Joey glances down at a pair of black boots covered just so by a pair of slightly worn blue jeans. His hands are in his front pockets now and he is bent over just a bit, head up and grinning at his reflection in the mirror as if it were an audience. He begins to rock back and forth heel to toe on his boots. The muscular ripples of his trimly toned upper arms and shoulders are looking quite nice in the flickering candle light.
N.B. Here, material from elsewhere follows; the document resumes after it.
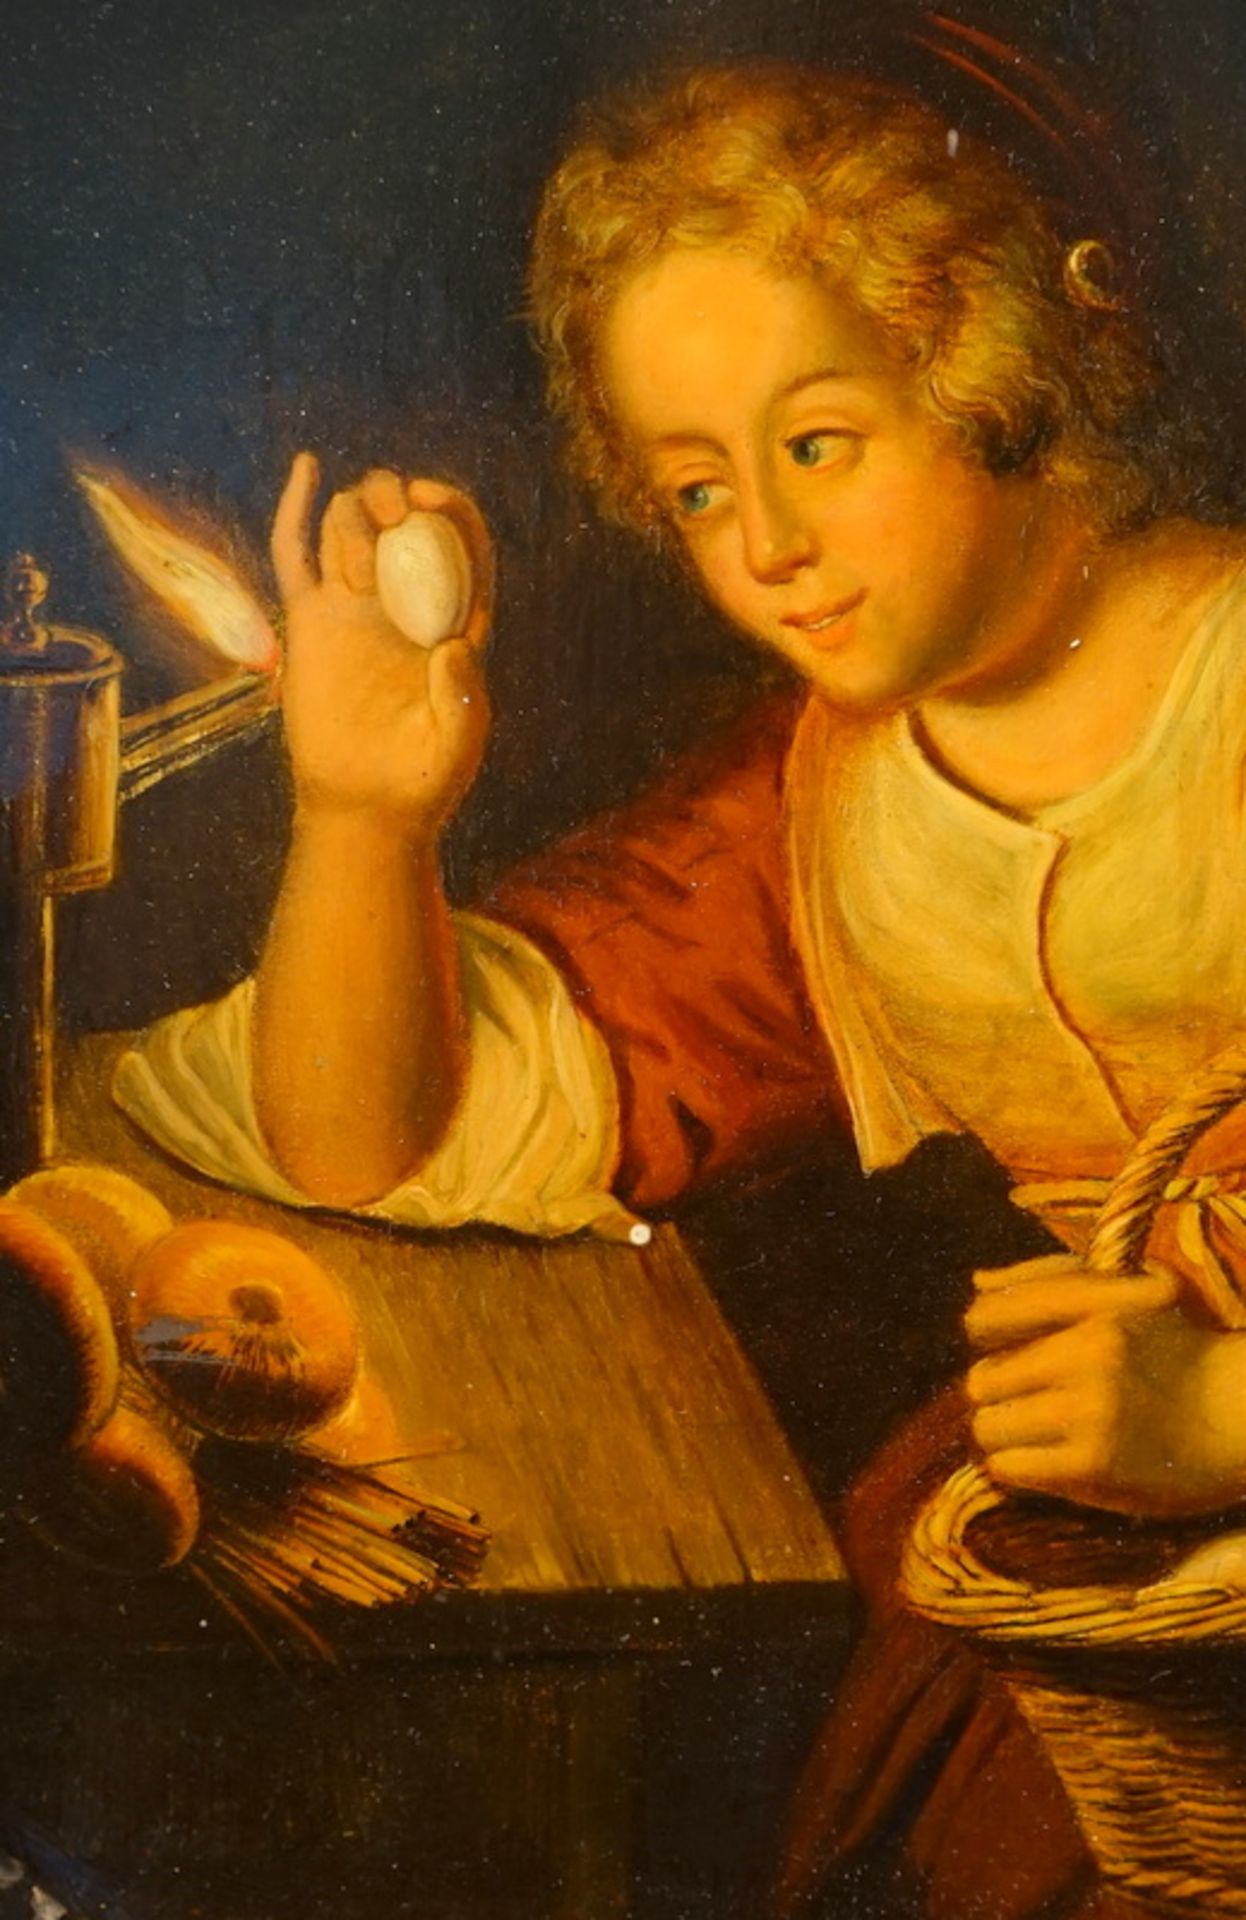 Stobwasser Lackwarenmanufaktur Braunschweig: Junge Frau beim nächtlichem Examinieren von Eiern - Bild 2 aus 3

He then turns on his heels and heads toward the door, reaching for a yellow, man-tailored shirt hanging on the back of the door and flings it around him in one sweep, slipping it on over a black Guinea-T, and letting it hang open. It brings out his dark olive color. In spite of his insecurities, he is admiring his look. He ruffles up the front of his hair because Beverly Place doesn't like it like that and starts humming a tune from the fifties he recalls hearing in his dad's car as a kid, only in his version the words go more like this:
"When you got dys-functionality/ya get, dat-casuality/dys-functionality, and then you get a great big shri-ink bill...well, oh what else can you do/when you got dys-functionality...yeah, you are roy-a-lly screwed." Joey stares at the mirror again and mumbles something admirable to himself, building up his guard. "Ready or not, here I go, like David to the lions," he says as he hears his mother's yelp from downstairs in that voice that Beverly Place has arrived. He hears his sister reciting a prayer of some kind as her doorknob slowly turns and she dares to step out into the eye of the storm. She watches admirably as Joey slides down the banister sideways on the way to a thirteenth birthday dinner for her that is sure to be chocked full of memories packed inside more baggage than she'll be able to carry.
"C'mon, sis. Let's party!" he says nearly knocking over the strategically placed statue of Mother Mary at the bottom of the railing. His sister, Anna, blesses herself with the sign of the cross a few more times before making her inevitable descent into the bowels of hell.